On Sat, 29 Aug 2009 03:31:16 +0000, Duncan wrote:

> I've seen absolutely nothing like that here, multiple servers, but not
> multiple authenticated ones (one authenticated, some time ago, none for
> awhile tho).

Good to know.  I actually have a total of 4 servers plus one dummy 
(0.0.0.0 - which I use for my default posting profile so I don't 
accidentally post to a group with a bad profile - had that happen too 
many times).

There is actually another weird piece to this that I had forgotten about, 
and that's that occasionally when posting a reply, I'll get a "no such 
group:  <group.goes.here>" when posting a reply.  The dumb thing is that 
the group, while hosted on the server I'm posting to, isn't actually the 
group I'm posting to; it's nowhere in my headers.  So I might be posting 
to, say, opensuse.org.help.install-boot-login and when I post, I get a 
message saying "no such group:  novell.community.chat".  Now o.o.h.i is 
hosted on the same server as n.c.c.  Both groups are actually hosted on 
both servers (forums.novell.com and forums.opensuse.com - they're 
actually the same server with two different DNS addresses).  I recently 
became a moderator on forums.opensuse.org so I use a set of login 
credentials to access some private groups.  I also use a different set of 
credentials on forums.novell.com.

And to really confuse things, I read the forums.opensuse.org groups using 
the forums.novell.com address, but when I got the new credentials, I 
switched servers (to make it easier to deal with the authentication).

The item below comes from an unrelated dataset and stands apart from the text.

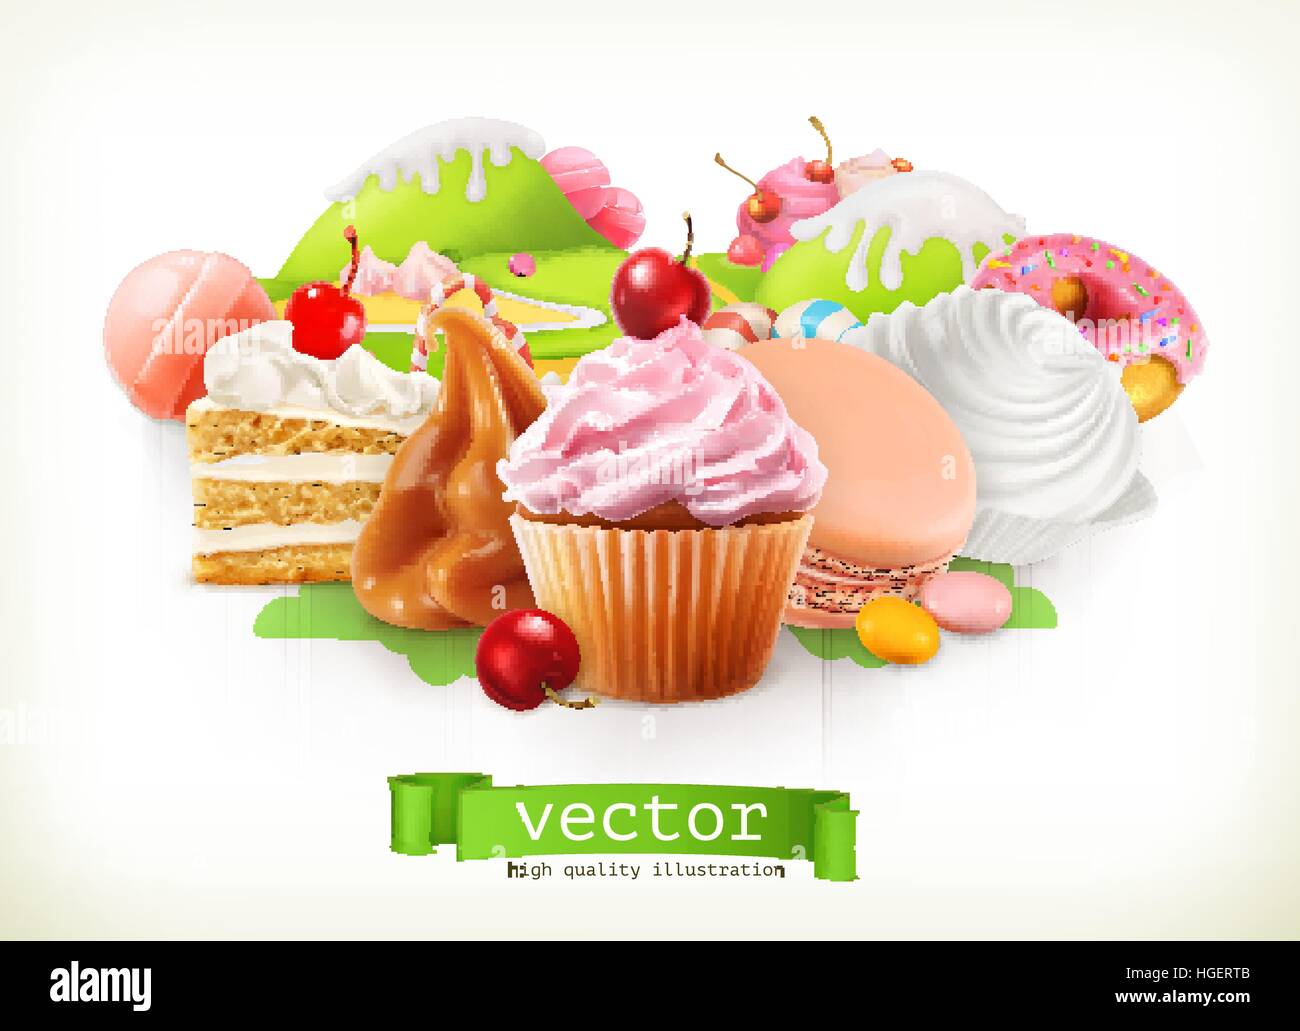 Süßwarenladen. Süßwaren und Desserts, Kuchen, Kuchen, Süßigkeiten, Karamell. 3D Vektor-illustration Stock Vektor

Both of the groups above are public groups - accessible with or without 
authentication.

Come to think, there is a third oddity that I just realized was new - 
occasionally when hitting groups on forums.opensuse.org, a group's 
headers will completely redownload, and old messages (that haven't 
expired) will show up as unread.

> Two observations:
> 
> One:  I /have/ seen occasional problems with posts that show no bodies
> at all.  From my troubleshooting, this almost always involves posts with
> some exotic non-ASCII character, say a UTF-8 no-wrap-blank-space (IDR
> for sure what the technical term for them is ATM, is that correct?, I
> just woke up and my mind is still coming back up to speed) or the like.

I see this from time to time, in two different forms.  If I see that the 
article is cached and I can't see anything, I toggle quoting - one state 
it shows, one state it doesn't.

If it isn't cached (as occasionally happens when reading this list or 
others through gmane), if I read a few messages (or I've found, just hit 
"enter" repeatedly on the message), eventually it'll download and I'll 
see it.

> But I don't see how that's directly connected to the behavior you're
> seeing.  It just came to my mind as a similar oddity.  

Yeah, this is something different - but it is a similar oddity.

> It is possible
> that it's that oddity triggering it, but with different results due to
> some other oddity, or if you're on 32-bit, maybe it's the same oddity
> expressed in 32-bit where mine is 64-bit (x86_64 aka amd64).

I'm actually on x86_64 here as well.

> Two: About how pan's cache works:  Pan saves the actual messages using
> the message-ID as the filename, translating filesystem-invalid
> characters where necessary.  It's thus possible to troubleshoot if you
> can figure out the message-ID (say from the attribution of a reply, or
> by grepping the cache for a file containing the subject, author, group,
> etc.

Hmmm, that's a good idea.  I'll give that a try - I usually can see a 
reply to the problem message (in fact, so far, I think I always have been 
able to open other messages and read them without a problem).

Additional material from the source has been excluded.